I won’t rule out the idea, later, but there are too many things to think about to leave me comfortable doing this off the top of my head. While I think, I do have an idea. What about our old “friend”, Bulwer-Lytton? If anyone ever needed editing, he’s the man (although, in fairness, if you read anything from that period, your fingers will itch for a blue pencil). Copyright has lapsed, and his work is in the public domain. As long as we credit him as the original author, I don’t believe we’d be harming him, or doing anything wrong.
I do think we should think even this idea over, but if it seems worthwhile, we can define a chapter, or find a short story he wrote (B-L “short” story probably equals 80,000 words, of course :m just tossing it out to see what everyone thinks.
WanderingAuthor in reply to filfil’s comment, 2 months ago
Thanks, and the idea is an interesting one. See my comments (above, mangled by some RedBubble formatting glitch I can never quite figure out).

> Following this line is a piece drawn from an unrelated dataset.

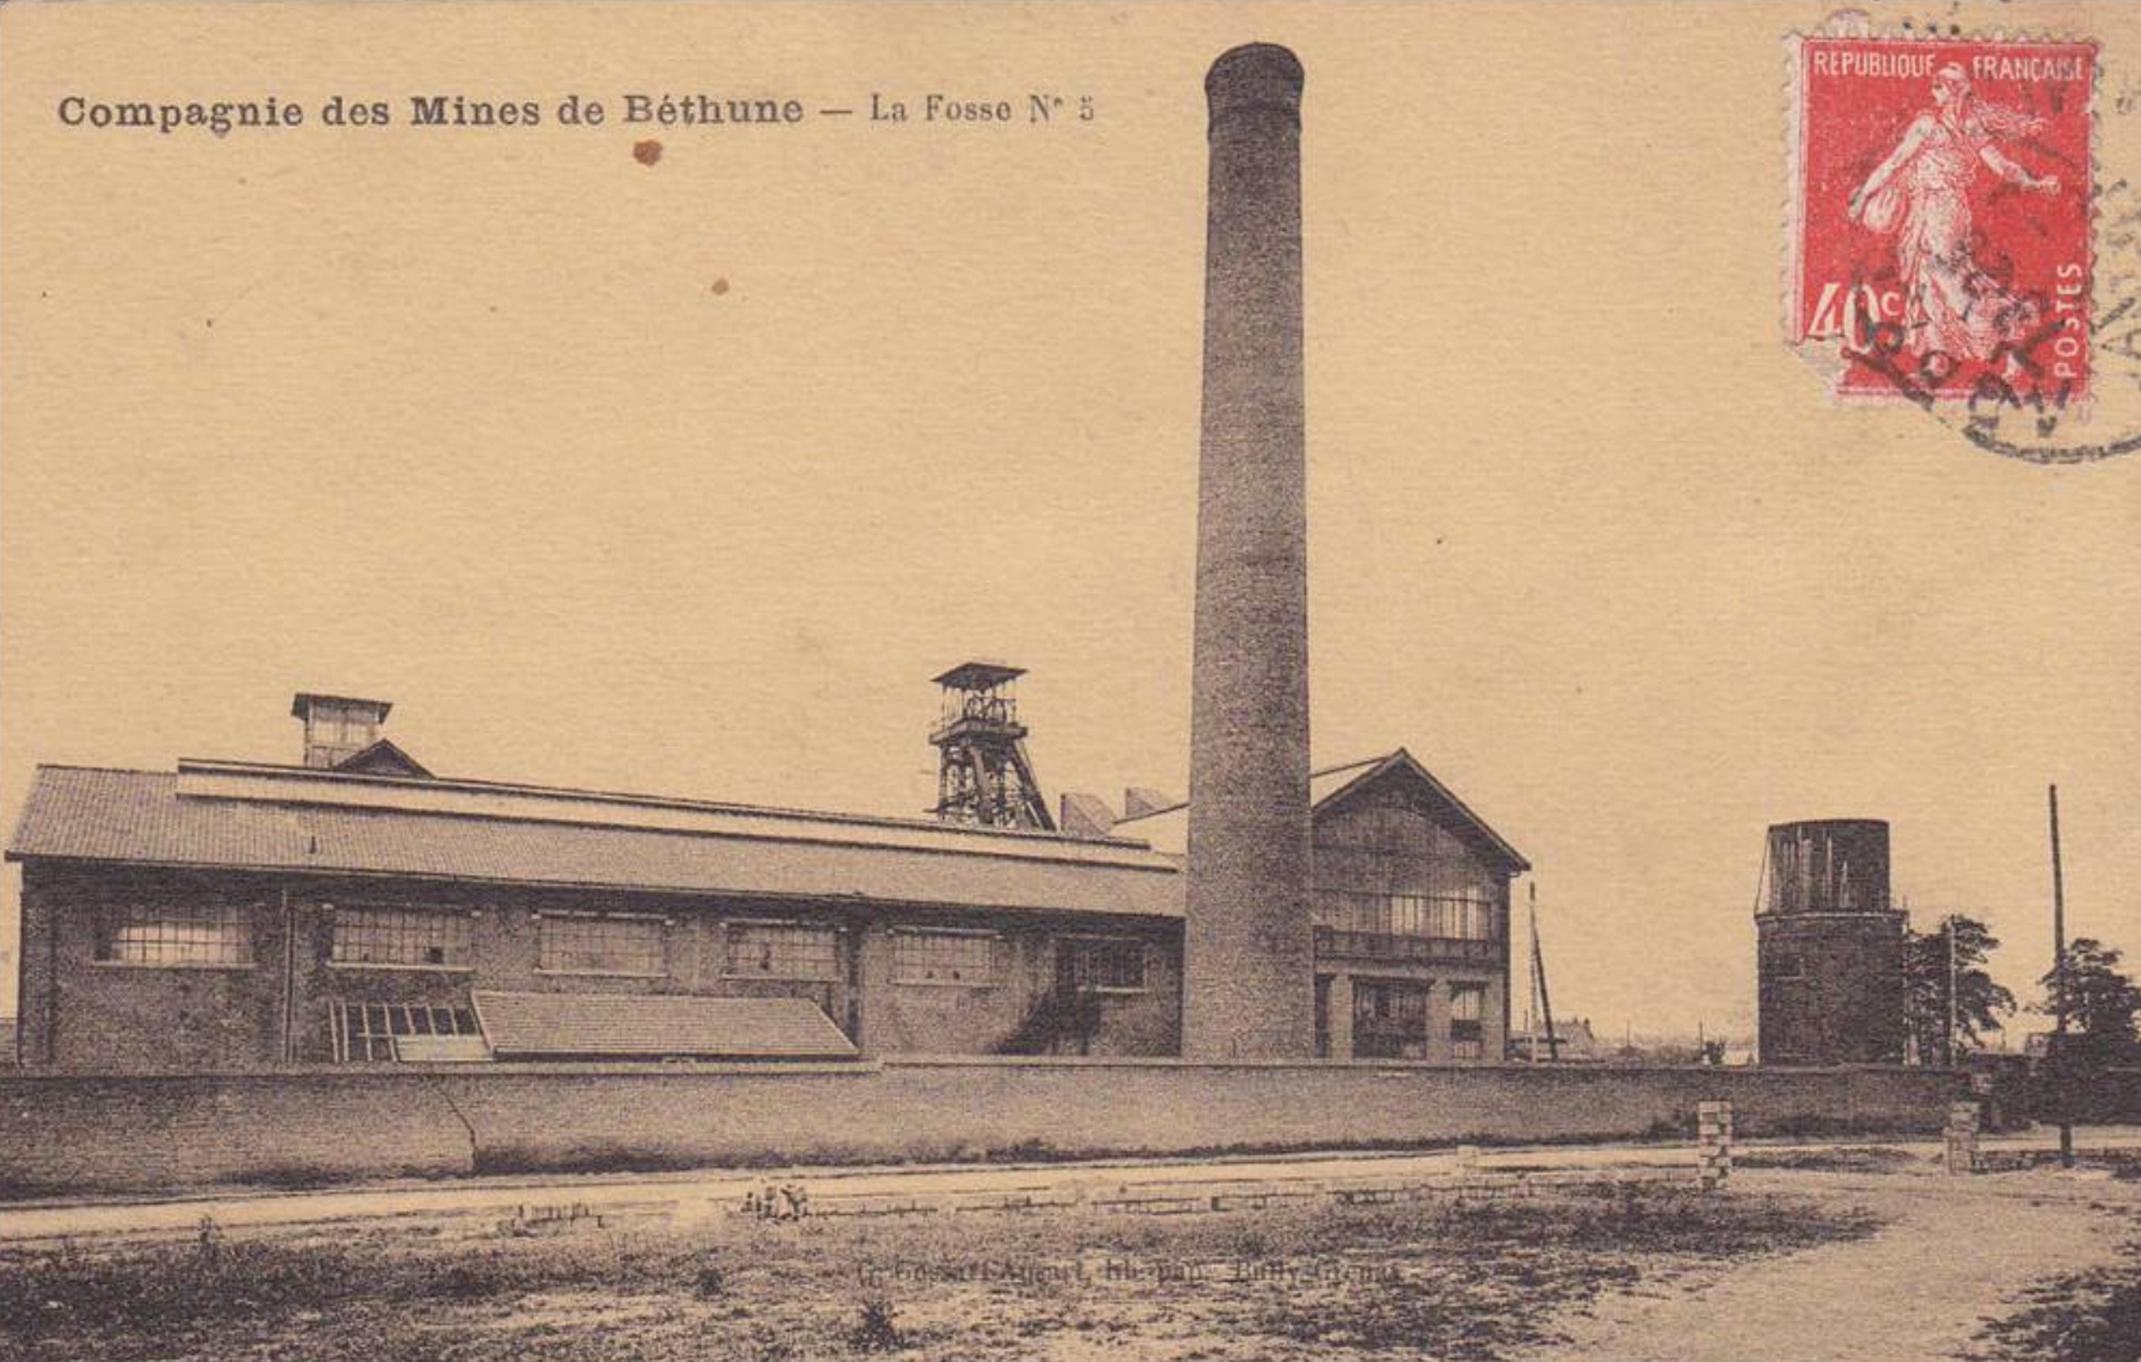 La fosse no5 - 5 bis vers 1927.

WanderingAuthor in reply to KelseyD’s comment, 2 months ago
Would I do that to you?
evil grinSeriously, I’ll wait until you state – in writing – that you’ve seen it. :-OWanderingAuthor in reply to Natella2020’s comment, 2 months ago
Thank you. Yes, you’re right; until I wrote this and deliberately let it run over, my worst first draft was 386 and most of them hovered between 280 and 330.
WanderingAuthor, 2 months ago
General remarks: I’m deliberately not going to comment on anyone’s editing suggestions until I actually get down to it. That allows anyone who comes along in the meantime to form their own opinion without my influence.
I also will be producing two final versions of the story. Why? Because an exact, and very small, word count such as 250 is somewhat arbitrary. Learning to reach it is valuable exercise, don’t get me wrong, and a few publications will set a limit for submissions that is as tight as 250 words. But most will set categories, and won’t set a limit under 500 words at all.
Therefore, I’ll be doing the “edit this story until it is as good as I can make it, with no fat” version and the “trim it down until it would have been eligible for the contest” version. I think seeing the differences in those might be helpful to some of you, as well.
WanderingAuthor, 2 months ago
Please see my newest journal entry on this project. I am delaying posting my edited version to allow those who are interested time to think about this. I will be posting permissions to take part in collaborations on this story; to edit this version yourself, on that journal entry.
George Yesthal, 2 months ago
Whoa! Sucks to be Stan. Great short. Could easily morph into something longer. I wanted to keep reading. I wouldn’t worry about editing issues. While it’s important to a degree I think some folks lend it too much weight. Just so’s ya know, I think the reference to the Swiss army knife was right on as it is something that all explorers and most guys in general would carry into the bush. The awl would have been the most applicable tool. Just write. Good job.